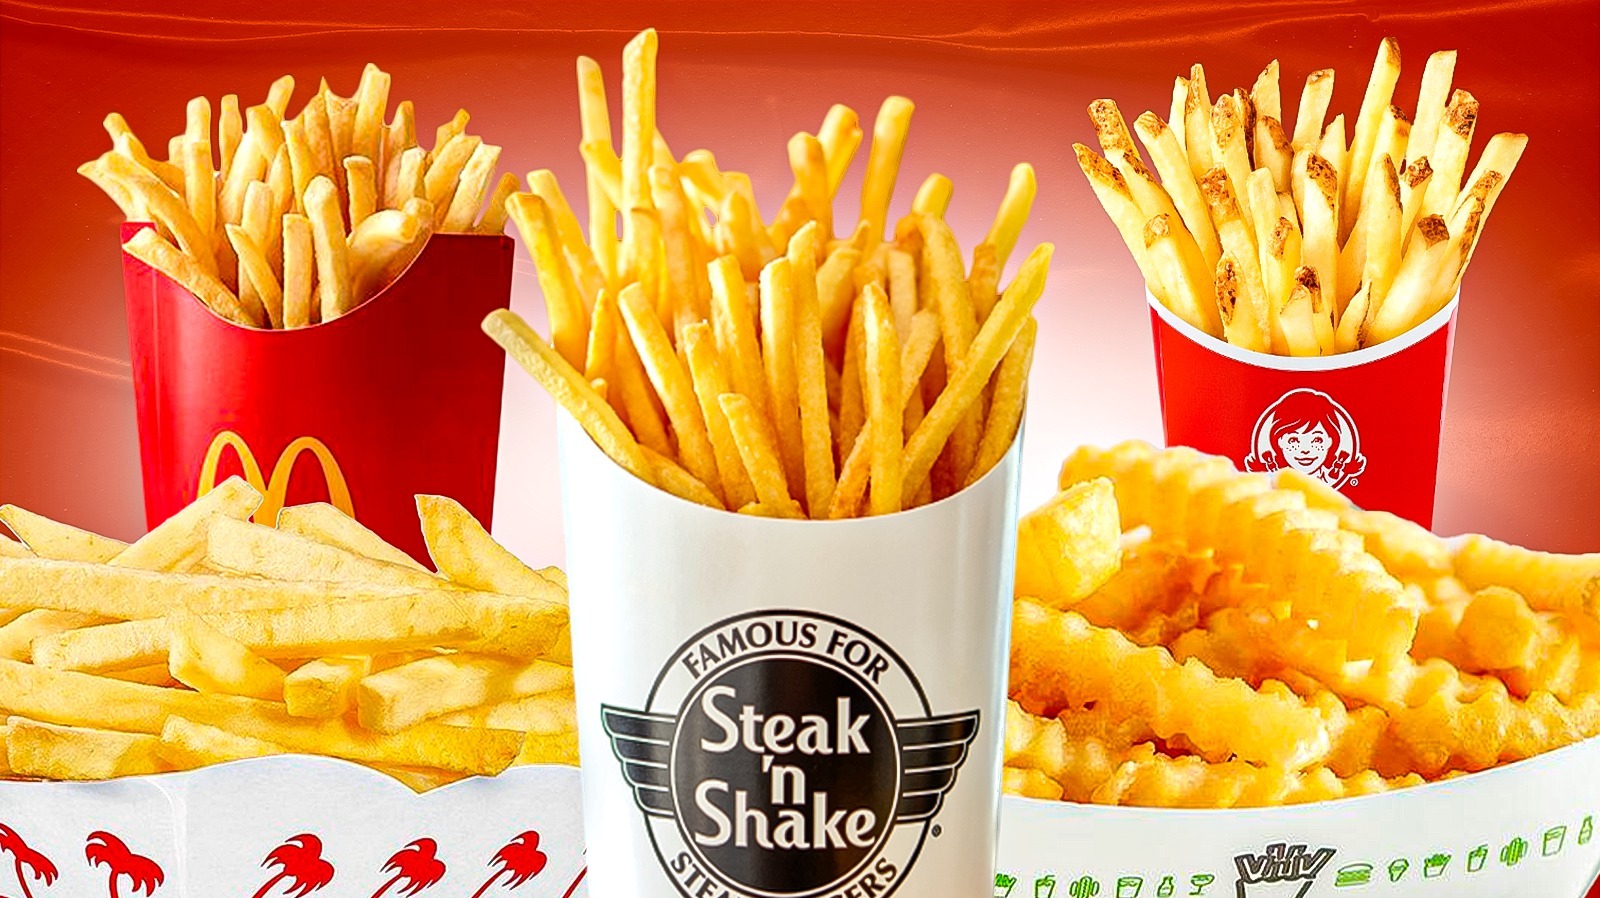 https://www.tastingtable.com/img/gallery/25-fast-food-fries-ranked-worst-to-best/l-intro-1683307183.jpg
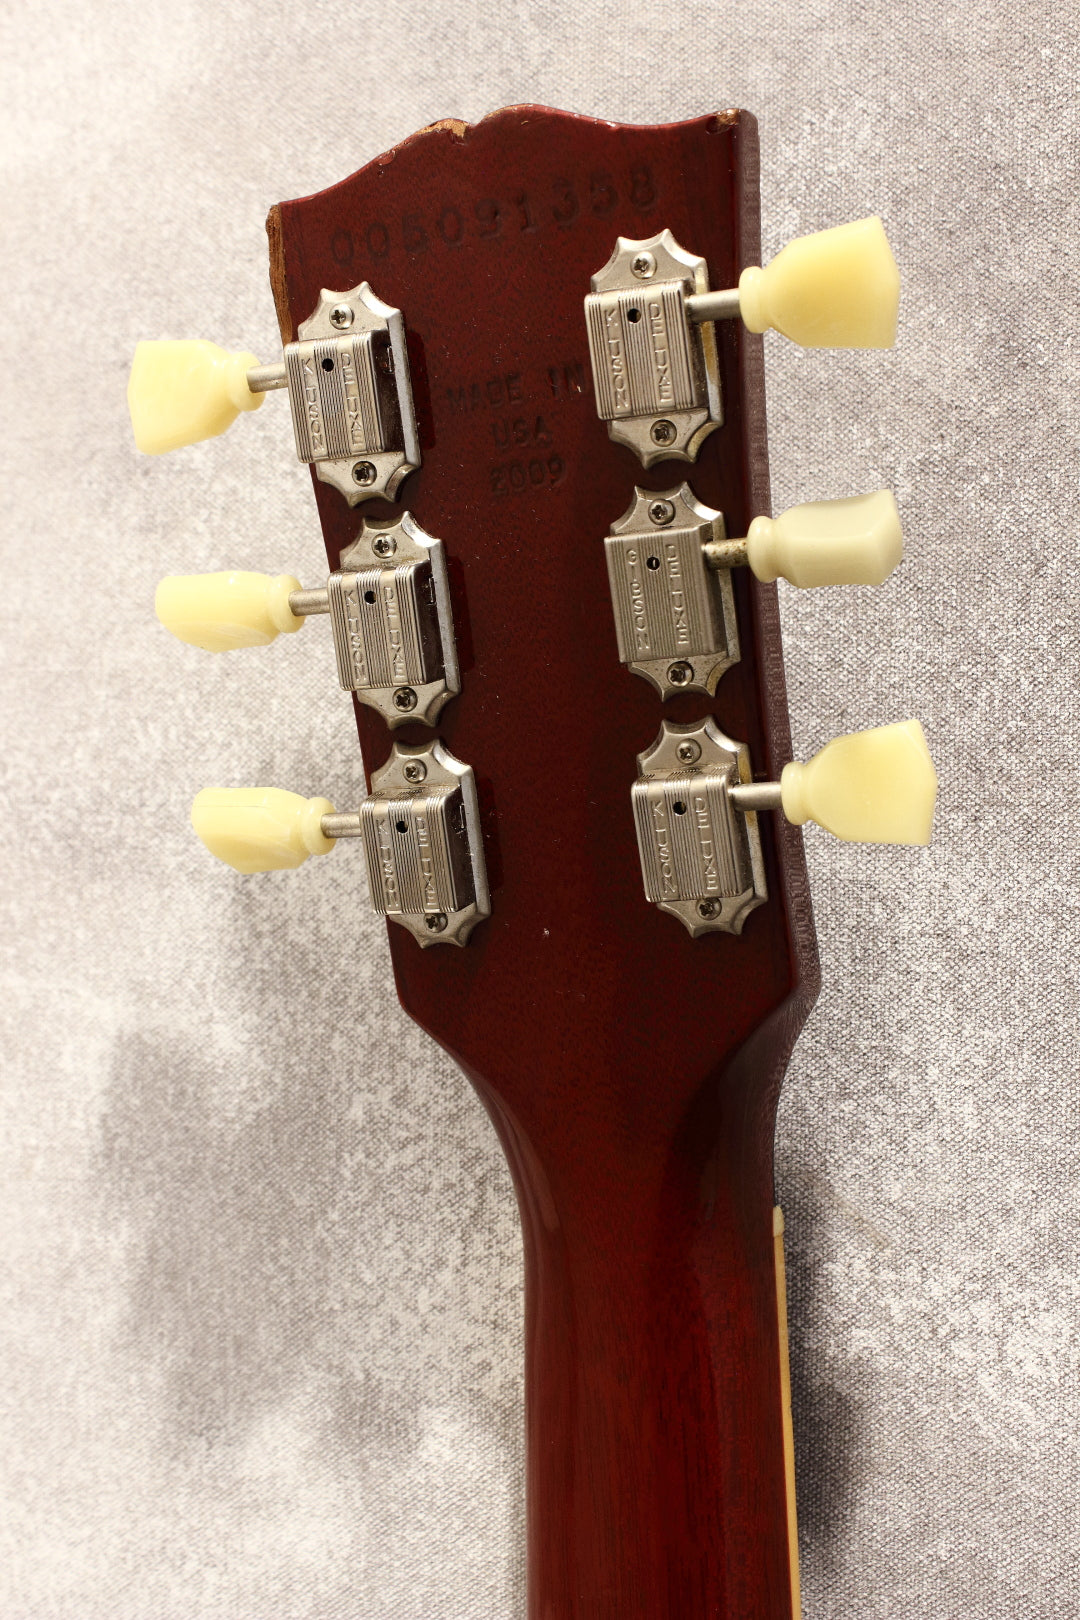 Gibson SG Standard Heritage Cherry 2009
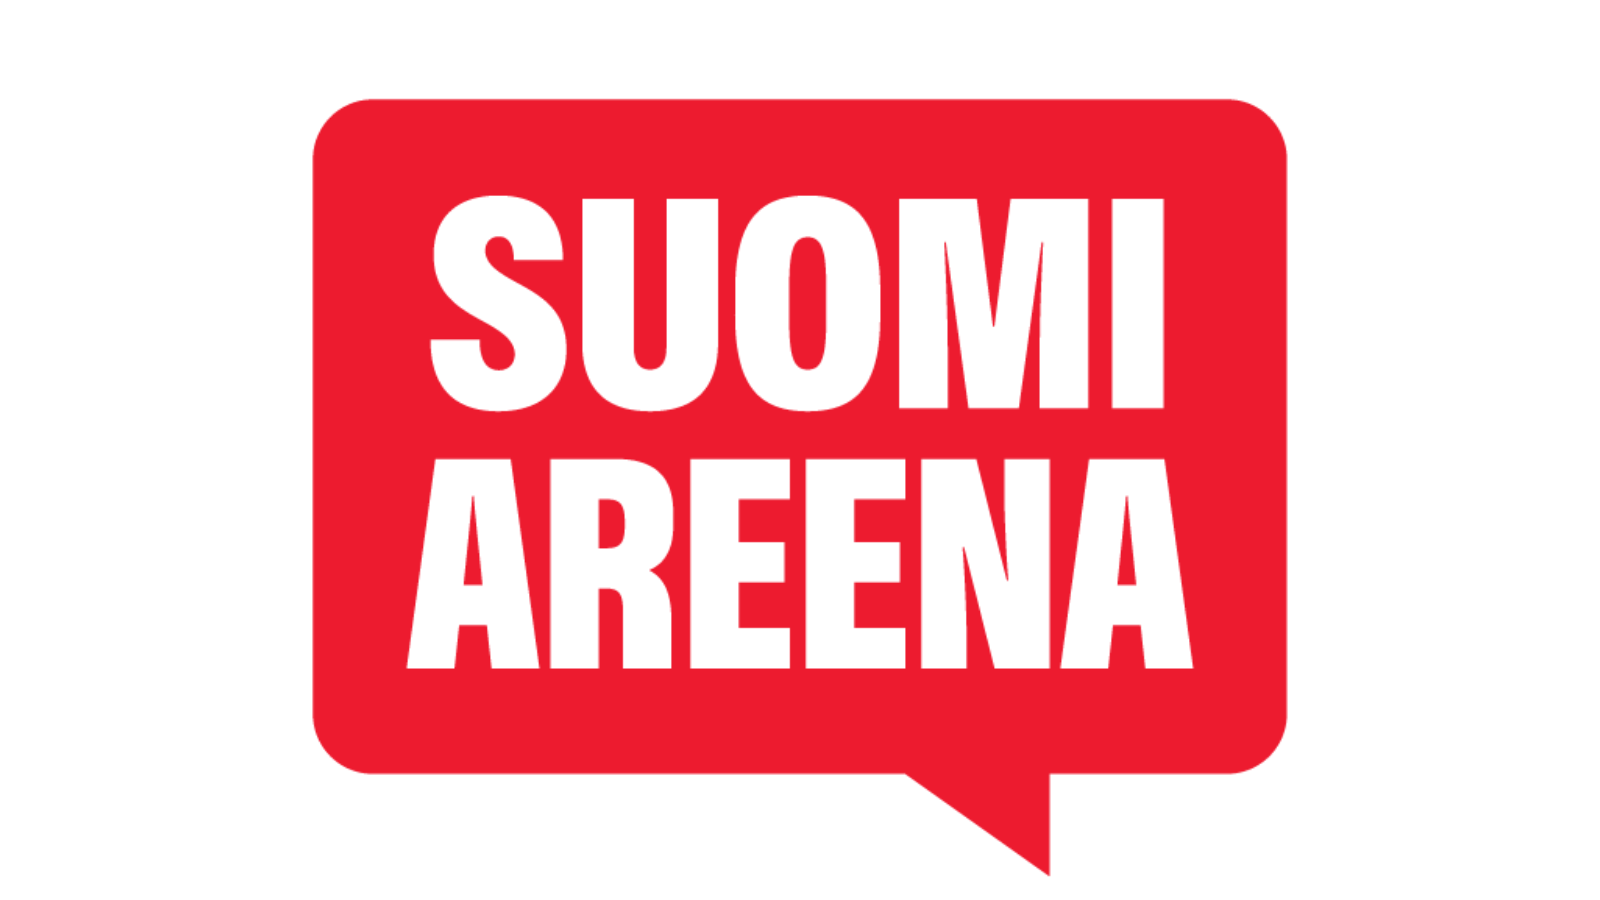 SuomiAreenan logo.
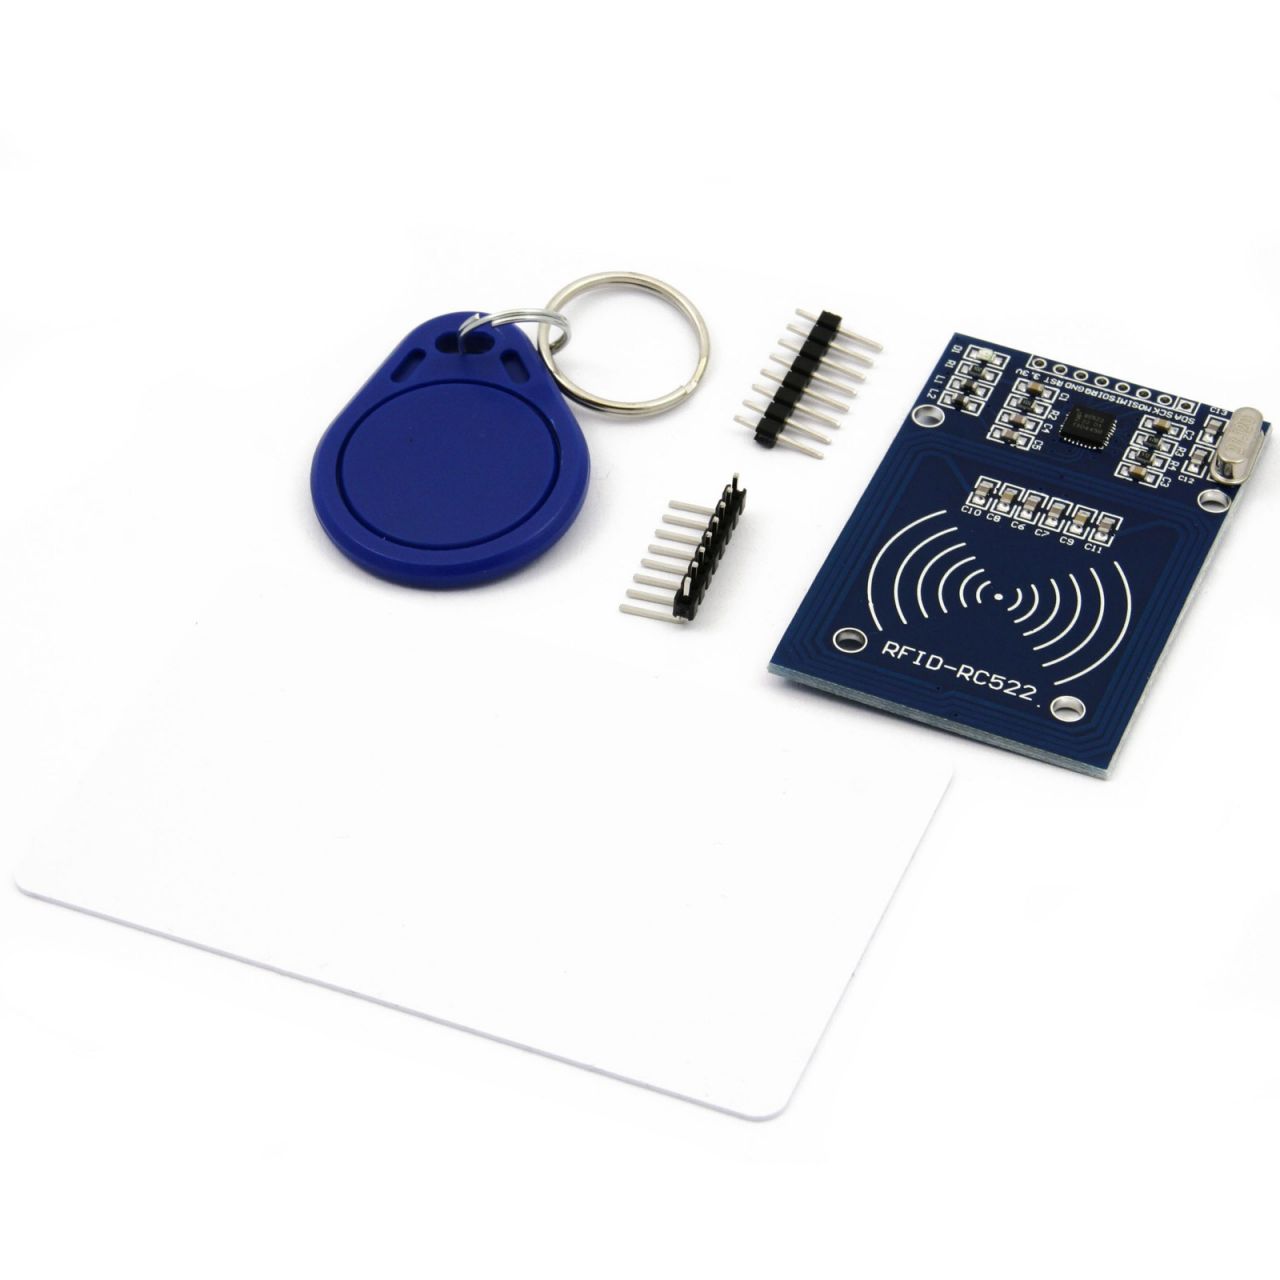 RFID Set MFRC522 - Kartenleser + Mifare Transponder-Karte unter RoboMall
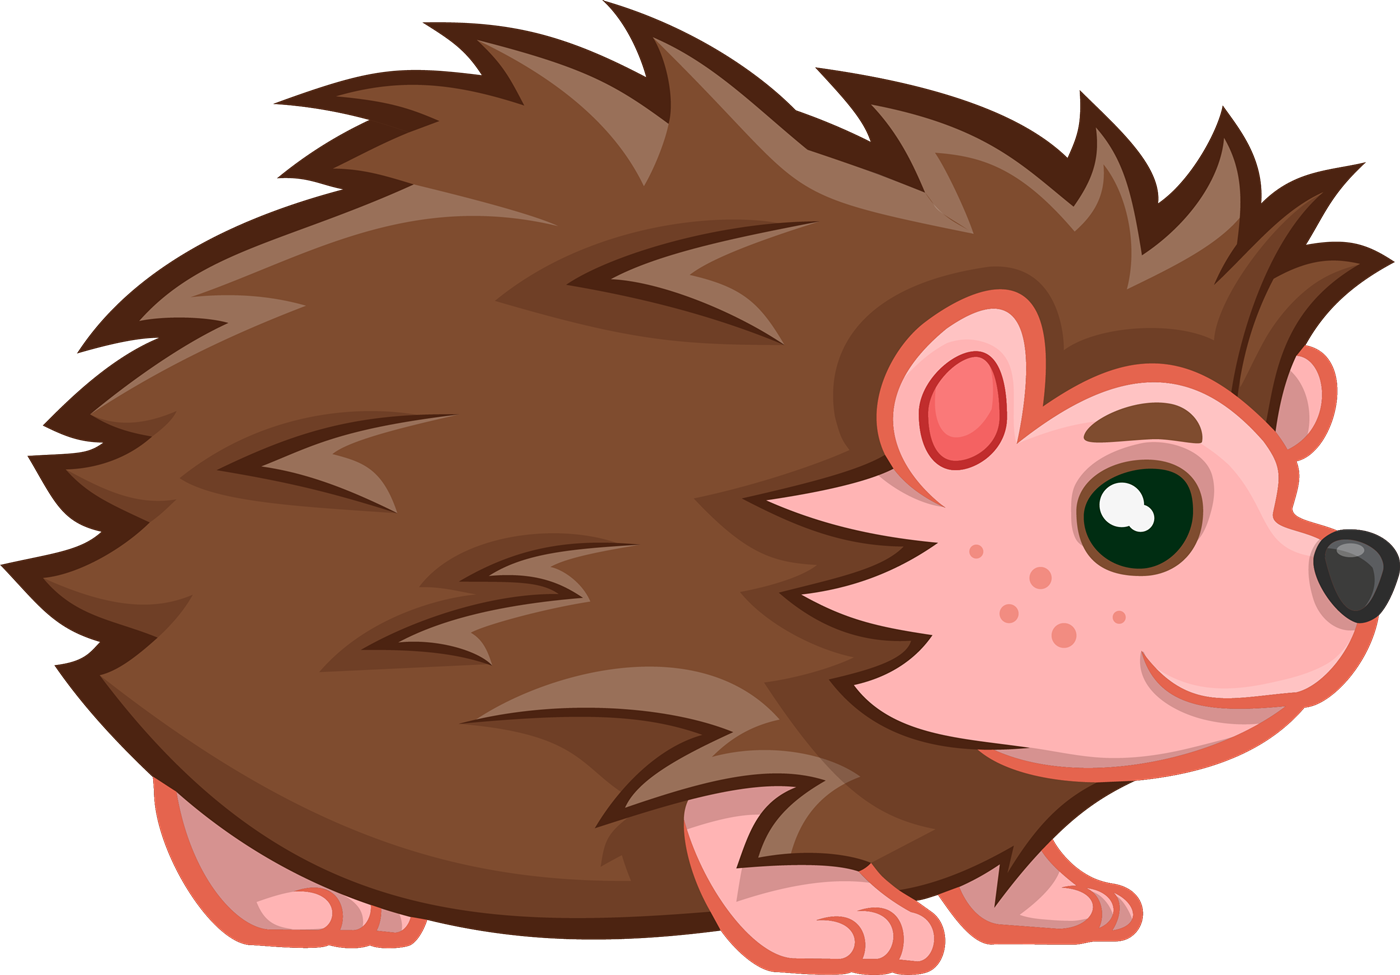 Cute hedgehog clipart clipartfest - Clip Art Library

§ Assignment:
From the line containing "Gibson SG Standard Heritage Cherry 2009" to the last line of the entries, output every line exactly as written, but leave out the pictures.

§ Expected answer:
 Gibson SG Standard Heritage Cherry 2009
 SuomiAreenan logo.
 RFID Set MFRC522 - Kartenleser + Mifare Transponder-Karte unter RoboMall
 Cute hedgehog clipart clipartfest - Clip Art Library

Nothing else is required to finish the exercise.